**Exercise:**
Everything from the line containing "I met Kendrick" through the line containing "A new law will" should be repeated exactly, and nothing else from the data.

**Exercise data:**
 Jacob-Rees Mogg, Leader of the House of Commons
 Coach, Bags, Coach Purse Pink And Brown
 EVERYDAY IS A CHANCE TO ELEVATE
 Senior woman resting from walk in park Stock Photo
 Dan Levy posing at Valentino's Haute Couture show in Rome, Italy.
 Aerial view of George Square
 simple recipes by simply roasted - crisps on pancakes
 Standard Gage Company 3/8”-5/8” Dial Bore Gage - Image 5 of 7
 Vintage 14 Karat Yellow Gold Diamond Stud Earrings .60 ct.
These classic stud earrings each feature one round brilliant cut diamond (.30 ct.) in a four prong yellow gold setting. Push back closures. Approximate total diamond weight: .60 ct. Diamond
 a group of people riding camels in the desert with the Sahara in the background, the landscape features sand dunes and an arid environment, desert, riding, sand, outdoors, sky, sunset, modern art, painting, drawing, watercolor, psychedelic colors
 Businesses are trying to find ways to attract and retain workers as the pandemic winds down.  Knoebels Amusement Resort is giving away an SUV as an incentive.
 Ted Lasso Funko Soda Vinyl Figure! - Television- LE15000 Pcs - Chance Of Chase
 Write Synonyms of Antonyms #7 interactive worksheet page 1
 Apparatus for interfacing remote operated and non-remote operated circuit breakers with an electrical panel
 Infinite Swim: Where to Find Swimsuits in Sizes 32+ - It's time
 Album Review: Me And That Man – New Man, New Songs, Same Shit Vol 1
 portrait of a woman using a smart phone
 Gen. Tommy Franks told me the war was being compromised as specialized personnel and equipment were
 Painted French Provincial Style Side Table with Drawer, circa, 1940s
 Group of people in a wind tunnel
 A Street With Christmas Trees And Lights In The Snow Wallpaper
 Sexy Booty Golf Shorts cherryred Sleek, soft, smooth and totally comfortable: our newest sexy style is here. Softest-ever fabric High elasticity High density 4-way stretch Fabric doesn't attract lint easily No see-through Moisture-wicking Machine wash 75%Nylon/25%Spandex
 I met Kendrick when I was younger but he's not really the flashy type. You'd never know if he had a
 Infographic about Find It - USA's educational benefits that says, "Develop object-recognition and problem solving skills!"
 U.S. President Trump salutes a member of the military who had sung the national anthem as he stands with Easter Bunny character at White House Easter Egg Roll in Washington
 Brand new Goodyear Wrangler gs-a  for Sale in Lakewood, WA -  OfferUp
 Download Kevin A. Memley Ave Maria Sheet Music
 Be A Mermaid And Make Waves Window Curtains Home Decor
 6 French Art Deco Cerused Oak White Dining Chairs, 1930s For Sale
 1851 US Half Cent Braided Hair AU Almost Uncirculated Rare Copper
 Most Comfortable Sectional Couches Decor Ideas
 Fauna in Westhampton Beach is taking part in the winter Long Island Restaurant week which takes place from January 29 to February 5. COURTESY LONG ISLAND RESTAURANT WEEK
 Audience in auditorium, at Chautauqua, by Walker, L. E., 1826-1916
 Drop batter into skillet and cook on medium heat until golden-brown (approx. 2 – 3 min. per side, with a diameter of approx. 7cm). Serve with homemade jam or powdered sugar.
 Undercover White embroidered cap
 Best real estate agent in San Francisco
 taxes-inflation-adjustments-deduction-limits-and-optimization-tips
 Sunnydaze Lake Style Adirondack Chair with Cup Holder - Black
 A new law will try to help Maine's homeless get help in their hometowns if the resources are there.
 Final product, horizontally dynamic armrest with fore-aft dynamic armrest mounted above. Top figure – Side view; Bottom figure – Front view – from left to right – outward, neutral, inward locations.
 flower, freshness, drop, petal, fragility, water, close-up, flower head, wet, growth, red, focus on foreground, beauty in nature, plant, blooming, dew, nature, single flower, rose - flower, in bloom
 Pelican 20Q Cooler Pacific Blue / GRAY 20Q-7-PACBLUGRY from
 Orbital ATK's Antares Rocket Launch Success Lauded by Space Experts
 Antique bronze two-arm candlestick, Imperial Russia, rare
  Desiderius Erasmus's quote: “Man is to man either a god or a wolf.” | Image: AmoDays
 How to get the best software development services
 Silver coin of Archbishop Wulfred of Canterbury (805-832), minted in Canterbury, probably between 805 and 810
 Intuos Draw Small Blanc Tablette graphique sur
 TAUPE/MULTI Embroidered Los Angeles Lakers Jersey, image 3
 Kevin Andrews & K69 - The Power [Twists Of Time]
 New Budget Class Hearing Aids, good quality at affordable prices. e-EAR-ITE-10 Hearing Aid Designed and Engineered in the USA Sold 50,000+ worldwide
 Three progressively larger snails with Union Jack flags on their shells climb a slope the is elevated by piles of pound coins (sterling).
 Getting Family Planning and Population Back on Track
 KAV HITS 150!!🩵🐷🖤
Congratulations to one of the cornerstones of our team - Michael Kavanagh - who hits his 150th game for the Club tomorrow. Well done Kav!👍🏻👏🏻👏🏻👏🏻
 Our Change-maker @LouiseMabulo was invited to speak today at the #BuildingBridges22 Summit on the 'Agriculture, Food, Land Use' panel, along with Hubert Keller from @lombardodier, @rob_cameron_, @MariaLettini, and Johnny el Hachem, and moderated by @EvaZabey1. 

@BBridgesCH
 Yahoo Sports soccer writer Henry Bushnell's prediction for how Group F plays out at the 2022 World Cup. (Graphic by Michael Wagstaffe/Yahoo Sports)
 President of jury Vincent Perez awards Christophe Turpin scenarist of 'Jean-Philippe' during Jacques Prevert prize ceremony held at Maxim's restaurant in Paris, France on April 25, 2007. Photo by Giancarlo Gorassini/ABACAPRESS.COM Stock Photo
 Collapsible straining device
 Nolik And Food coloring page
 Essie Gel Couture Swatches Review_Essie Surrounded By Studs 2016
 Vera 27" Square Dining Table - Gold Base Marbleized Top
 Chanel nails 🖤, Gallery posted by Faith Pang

**Exercise answer:**
 I met Kendrick when I was younger but he's not really the flashy type. You'd never know if he had a
 Infographic about Find It - USA's educational benefits that says, "Develop object-recognition and problem solving skills!"
 U.S. President Trump salutes a member of the military who had sung the national anthem as he stands with Easter Bunny character at White House Easter Egg Roll in Washington
 Brand new Goodyear Wrangler gs-a  for Sale in Lakewood, WA -  OfferUp
 Download Kevin A. Memley Ave Maria Sheet Music
 Be A Mermaid And Make Waves Window Curtains Home Decor
 6 French Art Deco Cerused Oak White Dining Chairs, 1930s For Sale
 1851 US Half Cent Braided Hair AU Almost Uncirculated Rare Copper
 Most Comfortable Sectional Couches Decor Ideas
 Fauna in Westhampton Beach is taking part in the winter Long Island Restaurant week which takes place from January 29 to February 5. COURTESY LONG ISLAND RESTAURANT WEEK
 Audience in auditorium, at Chautauqua, by Walker, L. E., 1826-1916
 Drop batter into skillet and cook on medium heat until golden-brown (approx. 2 – 3 min. per side, with a diameter of approx. 7cm). Serve with homemade jam or powdered sugar.
 Undercover White embroidered cap
 Best real estate agent in San Francisco
 taxes-inflation-adjustments-deduction-limits-and-optimization-tips
 Sunnydaze Lake Style Adirondack Chair with Cup Holder - Black
 A new law will try to help Maine's homeless get help in their hometowns if the resources are there.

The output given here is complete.